The house does not read as a disability house. It reads as a home that works. This is a specific outcome of Robbie’s architectural philosophy (universal design; accessibility as integrated rather than bolted-on) and a gift to the family members who inhabit it.

Unspoken Rules and Values

The Whitaker-Rosen household operates on accumulated unspoken expectations that have been transmitted across generations rather than formally articulated.

Refuse to be tragic. Saul’s philosophy has permeated the family. Nobody performs suffering. Nobody leads with their worst story. Everyone carries their own weight without dramatic announcement. This does not mean feelings are unwelcome—the household is emotionally available—but self-pity is specifically not a family currency.

Feed everyone. Miri’s ethic. If you are in the kitchen, make a plate for whoever arrives. If a neighbor child is visible through the window, give them a cookie. Extra at the shabbat table is always welcomed. The family does not count portions.

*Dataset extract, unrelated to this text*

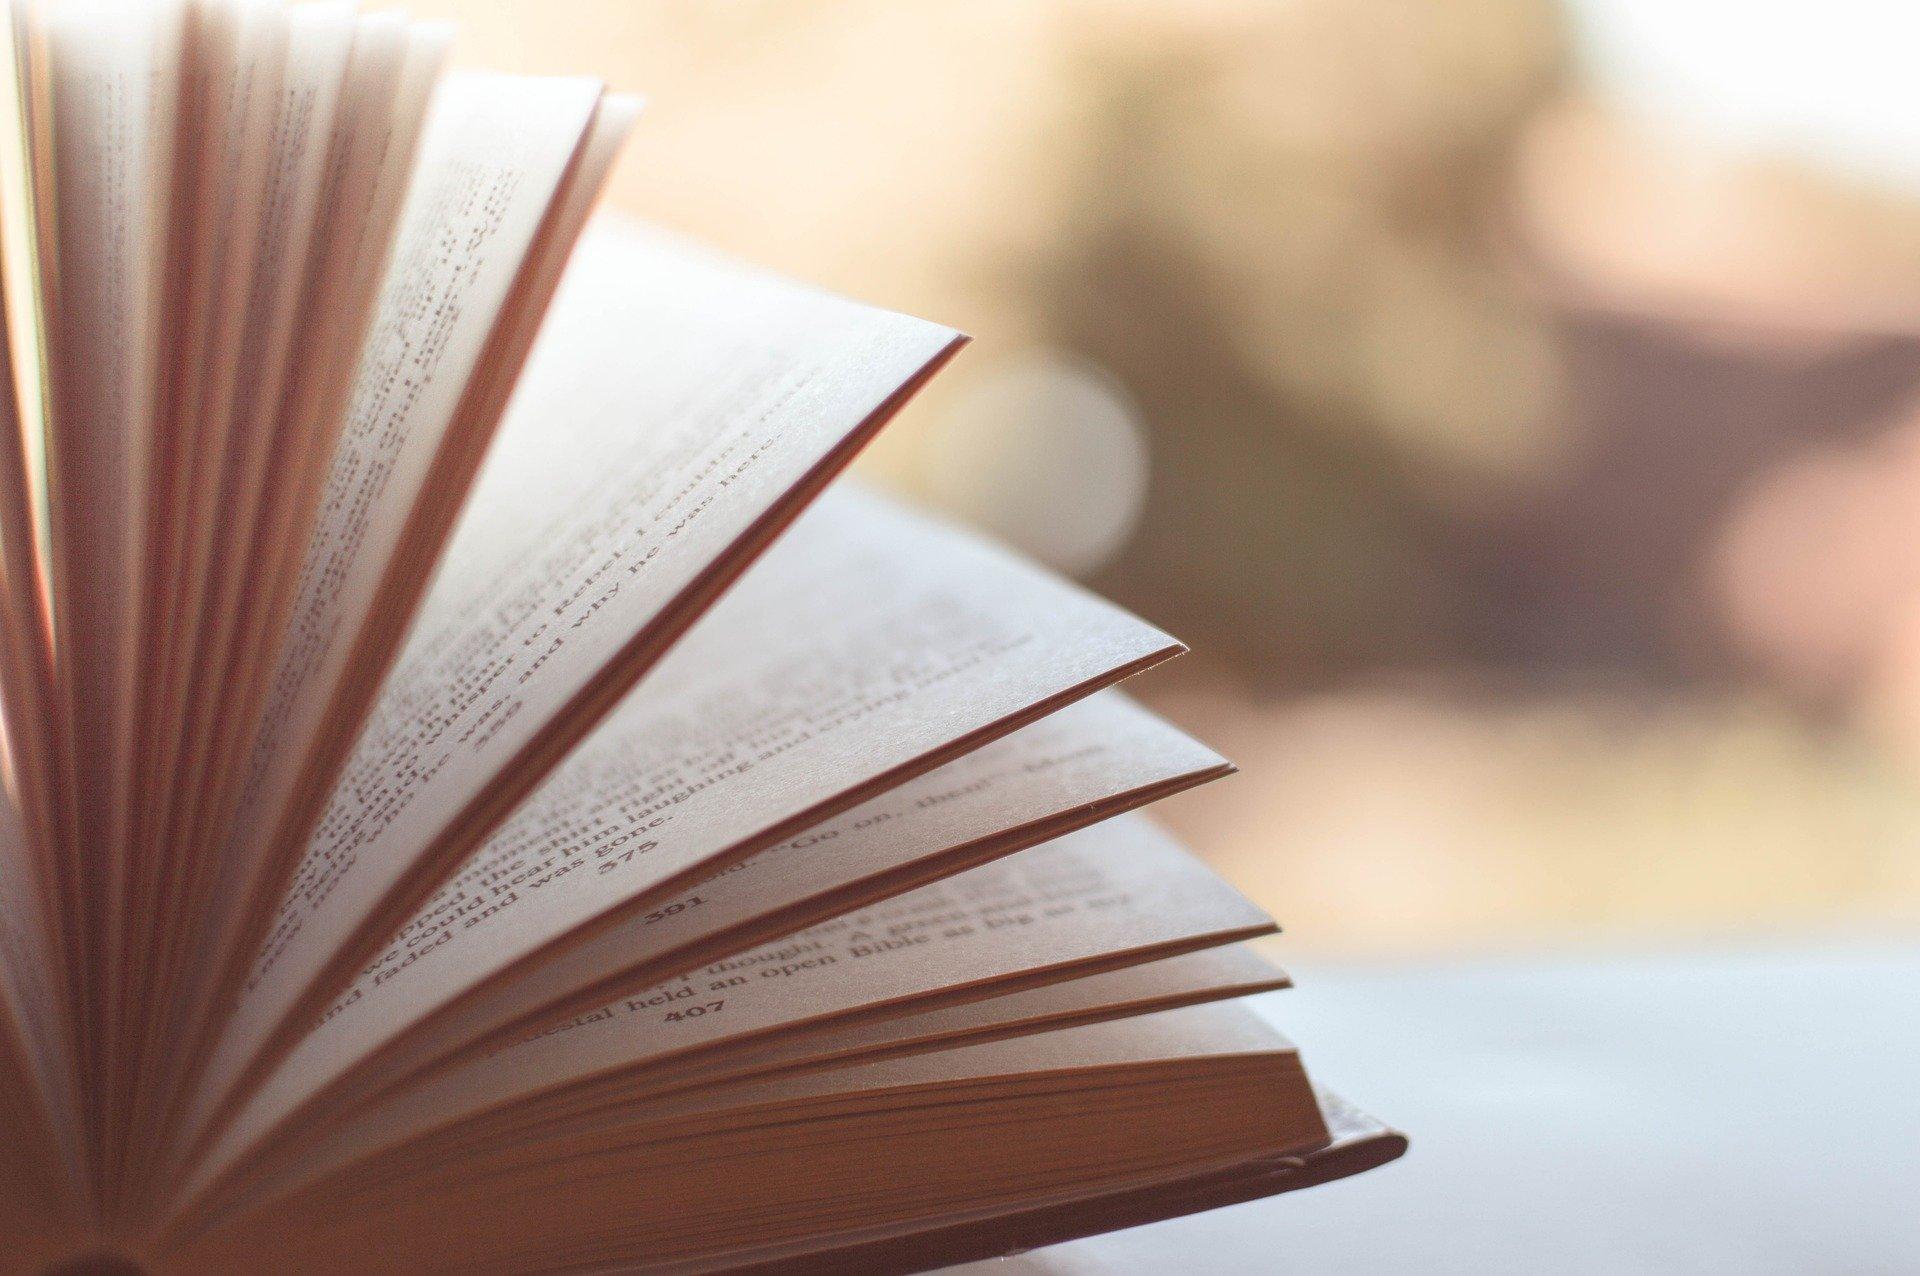 Tapahtuma peruttu: Treffpunkt Literatur - saksankielinen luku- ja keskustelupiiri

Accommodate without announcement. Accessibility is ordinary. The tactile strip at the kitchen-dining-room threshold is just the floor. The vibrating doorbell is just the doorbell. The Pro-Tactile ASL is just talking. The family does not frame its own infrastructure as special-needs-accommodation; it frames it as the infrastructure of the family it is.

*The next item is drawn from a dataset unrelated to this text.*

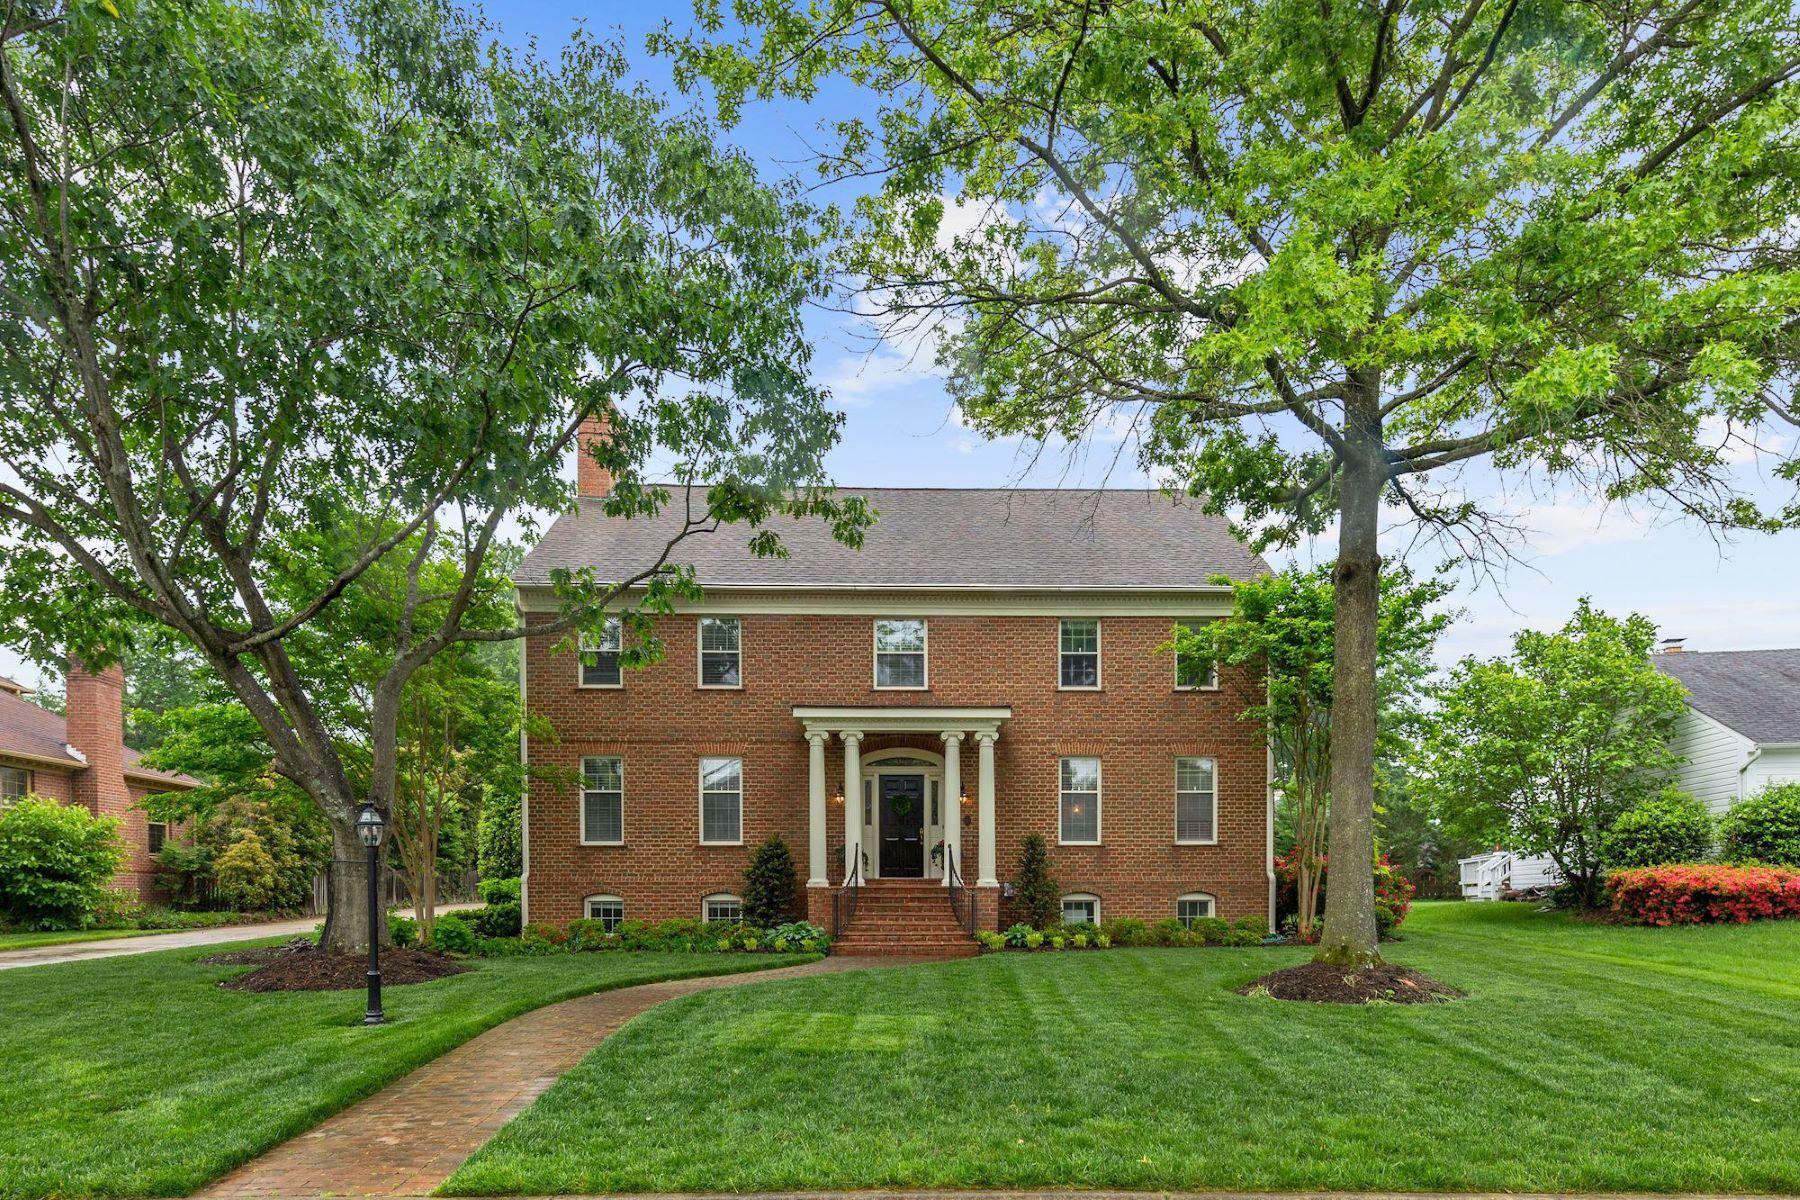 Μονοκατοικία για την Πώληση στο 9404 Mount Vernon Cir 9404 Mount Vernon Cir Alexandria, Βιρτζινια 22309 Ηνωμενεσ Πολιτειεσ

Sign to each other in the dark. The pre-sleep signed ritual (Saul and Miri’s for seventy-nine years; Annie and Robbie’s for their marriage) is a family love language. Most of the adults in the family practice it with their partners. It is unspoken as a rule but transmitted by observation across generations.

Yahrzeit the missing. Annie’s inherited practice from her parents (who inherited it from Miri’s adoptive parents). Light candles for the dead on the anniversaries of their deaths. Say kaddish. Name them. Do not let anyone become only absence.

Friday is sacred. Shabbat dinner is not negotiable. The family rearranges external commitments around it. It has continued without exception across the Rosen-then-Whitaker-Rosen timeline through seventy-nine years of Saul and Miri’s marriage and into Annie and Robbie’s marriage. It is the specific architectural center of the week.